The doctor folded the money, eyed the gringo for a moment, and got to work. The bribe caused a flurry of activity. He propped her body with pillows. A nurse wheeled in a large rusted oxygen cylinder. They put tubes in her nose and gave her oxygen. The nurse gave her an injection. 800 pesos and 5 minutes of work later, she breathed normally. Relieved, he sat down. The doctor left. The nurse dimmed the lights and left. The Gabacho drifted in and out of a light sleep. He sat on a white plastic lawn chair that said Carta Blanca on the back.

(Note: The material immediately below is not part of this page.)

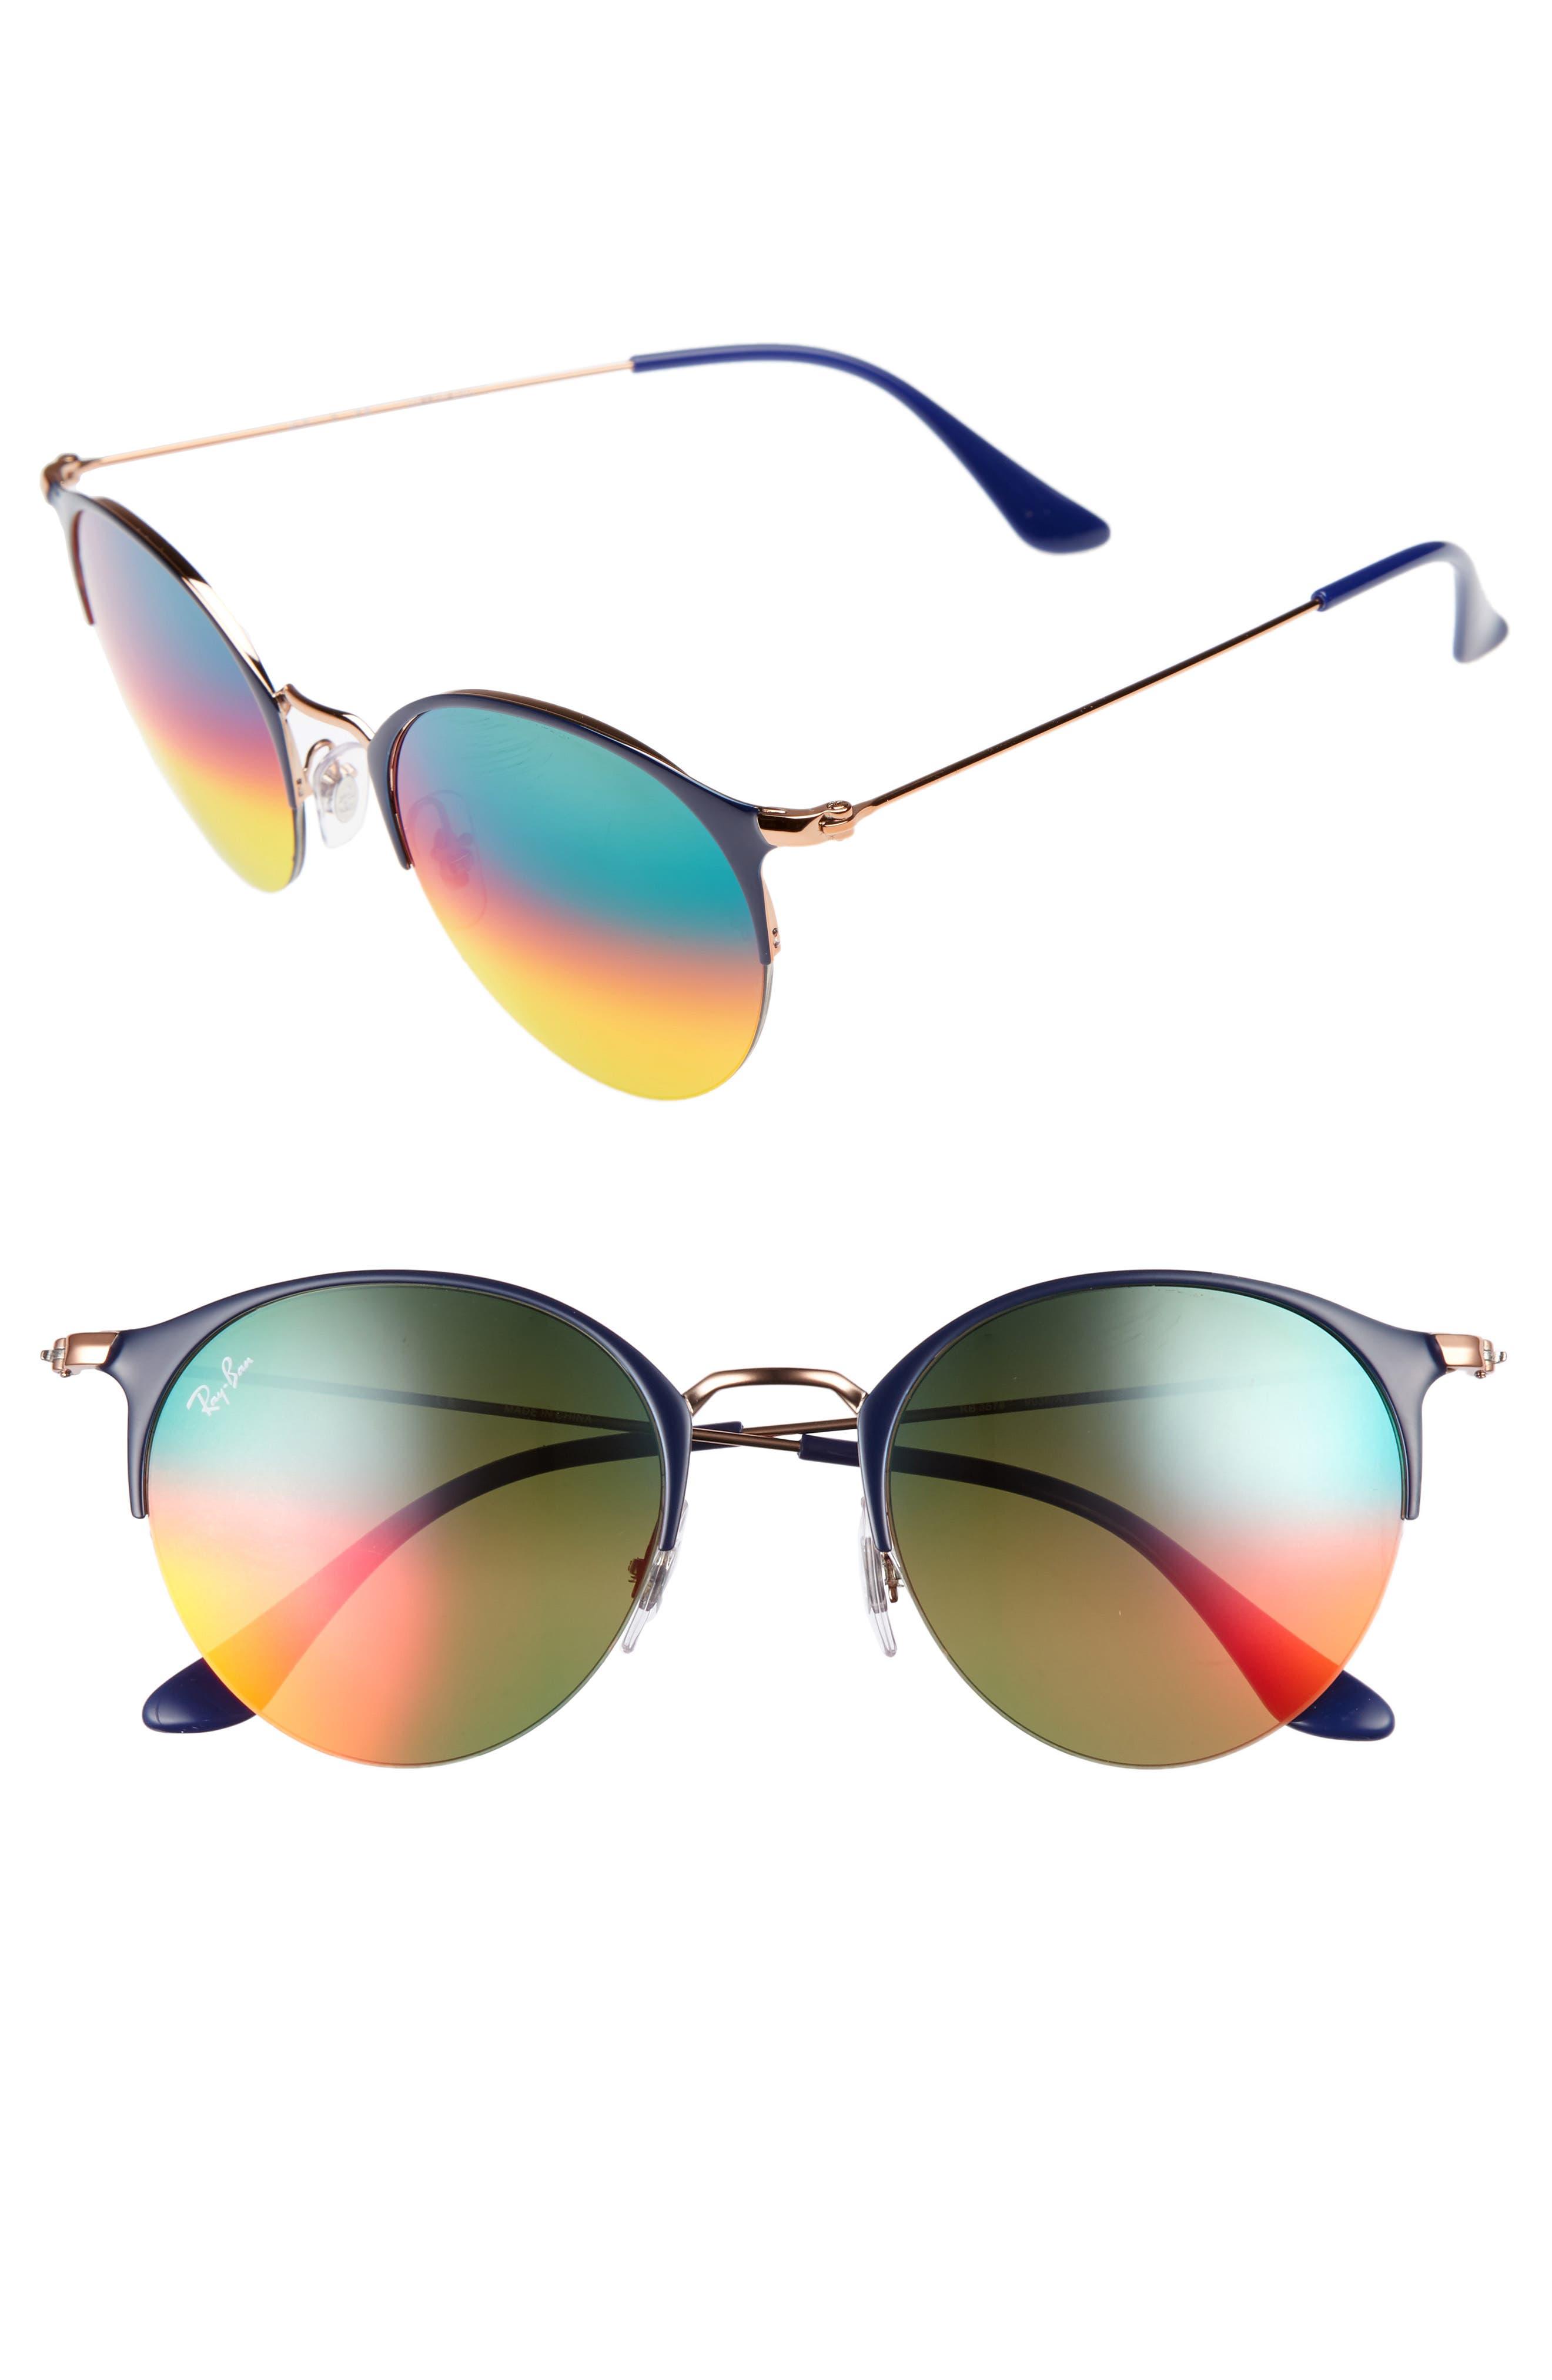 50mm Gradient Mirrored Sunglasses,                             Main thumbnail 2, color,

A roach ran across the floor. He stepped on it. She lived.

She died a week later. A different crack house, different friends. Nobody noticed she was dying and not sleeping. Or maybe they did, but did not care. He never saw her body. He did not know she died until hearing the news from another street girl. He never heard from her family or friends. He never saw an obituary. He never went to a funeral. Nobody questioned him about her. Nobody asked him if he wanted to bury her. Nobody was surprised when he got a new drug addicted girlfriend a week later. A cholla from East LA. He had always wanted a girlfriend that looked like an East LA gang-member – now he had one. Nobody was surprised when he never talked about his old girlfriend. She had never lived.